Im trying to make a project that will upload google storage json file to BigQuery (just automate something that is done manually now).

And i'd like to use 'service account' for this as my script is going to be run on daily basis.

After reading everything i can found about using service account im still struggling to authenticate.

I wonder if someone could check and point me to what i missed?

Here is what i've done so far:

  1. Created json key file for service account
  2. Installed client libraries: pip install --upgrade google-cloud-bigquery
  3. Installed google cloud sdk according to: https://cloud.google.com/sdk/docs/
  4. Run export GOOGLE_APPLICATION_CREDENTIALS=<path_to_service_account_file> with key path specified correctly

Now im trying to run the following python script:

from google.cloud import bigquery
bigquery_client = bigquery.Client()

i get this error:

google.auth.exceptions.DefaultCredentialsError: Could not automatically determine credentials. Please set GOOGLE_APPLICATION_CREDENTIALS or explicitly create credential and re-run the application. For more information, please see https://developers.google.com/accounts/docs/application-default-credentials.
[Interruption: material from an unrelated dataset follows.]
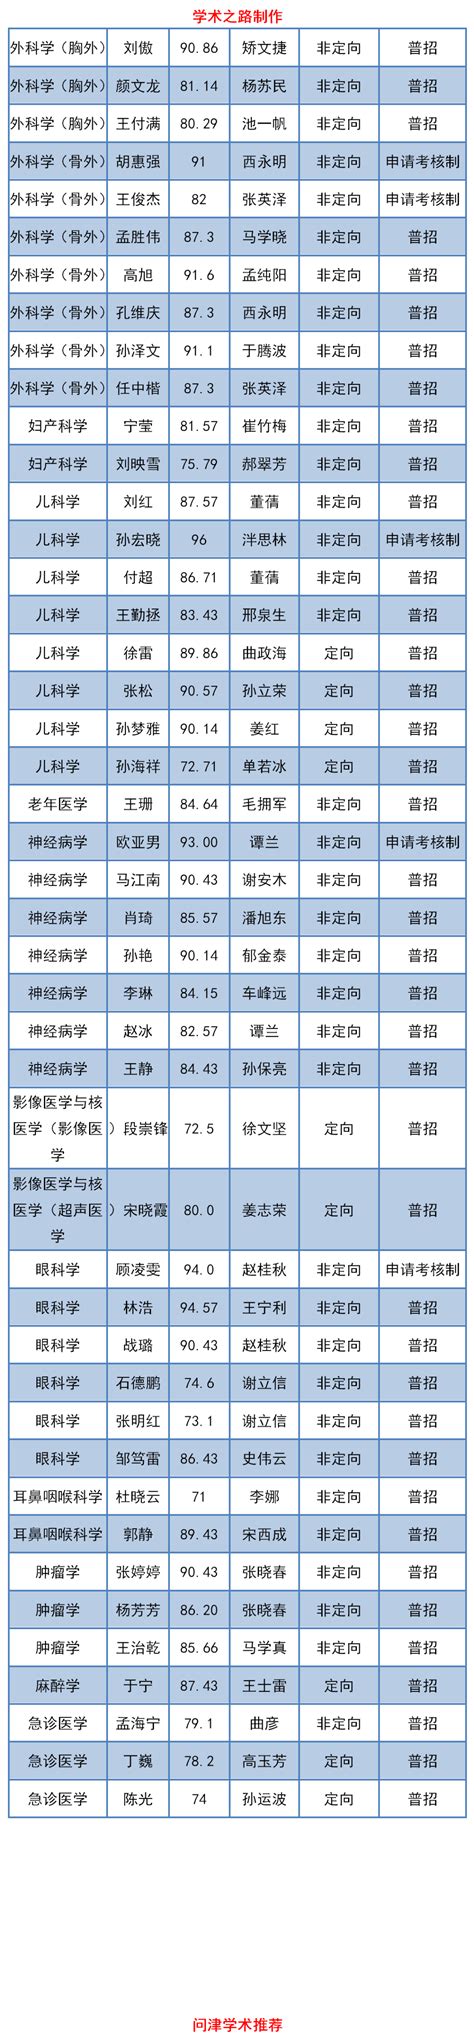 青岛大学2020年全日制博士研究生拟录取名单公示 | 自由微信 | FreeWeChat

Im quite new to both python and google cloud API so possbily missed something,

Wonder if someone could point out where/what was wrong in my steps above or point me to clear instruction for dummys about setting up and running simple script with Bigquery using service account?

4

4 Answers

43
votes

I usually set this variable in the python script itself, something like:

import os
from google.cloud.bigquery.client import Client

os.environ['GOOGLE_APPLICATION_CREDENTIALS'] = 'path_to_json_file'
bq_client = Client()
19
votes

If you have implemented more fine-grained control over service accounts permissions and you have an app that needs to use several of them (say one for Pub/Sub, one for storage), then you would have to set the GOOGLE_APPLICATION_CREDENTIALS environment variable before creating each client.

Instead, you can load your credentials separately and pass them to their appropriate clients like so:

import json

from google.cloud import storage
from google.oauth2 import service_account

project_id = 'my-test-project'

with open('/path/to/my/service_keys/storage_service.json') as source:
    info = json.load(source)

storage_credentials = service_account.Credentials.from_service_account_info(info)

storage_client = storage.Client(project=project_id, credentials=storage_credentials)

Just make sure in your IAM console that the account has the right permissions to perform the operations you need it to do, but luckily in that case the error messages are really informative.

9
votes

Are you running the script in the same command line session as the one you set your environment variable in using export? If not, you might want to look into setting it for your user or system (see this question for more info).

Another option that might make things even easier and takes care of these things automatically is using the gcloud cli tool. If you look at the second option here under the How the Application Default Credentials work, you can find info on how to use it to manage the credentials for you (gcloud auth login and gcloud auth application-default login)

4
votes

This is an old question however I want to add that you must create a new service account and not use an old one. A recent Google Cloud Next presentation on security stated that there is no guarantee that the default service account will exist in future, and it could be removed at any time (or its available permissions changed), so none of your applications should depend on it. Also I've found that there are potential issues with authentication when using the default service account and creating a new one is more likely to allow the control you need to successfully authenticate.

Refer to the following YouTube presentation from 11mins 10s in:

https://youtu.be/ZQHoC0cR6Qw?t=670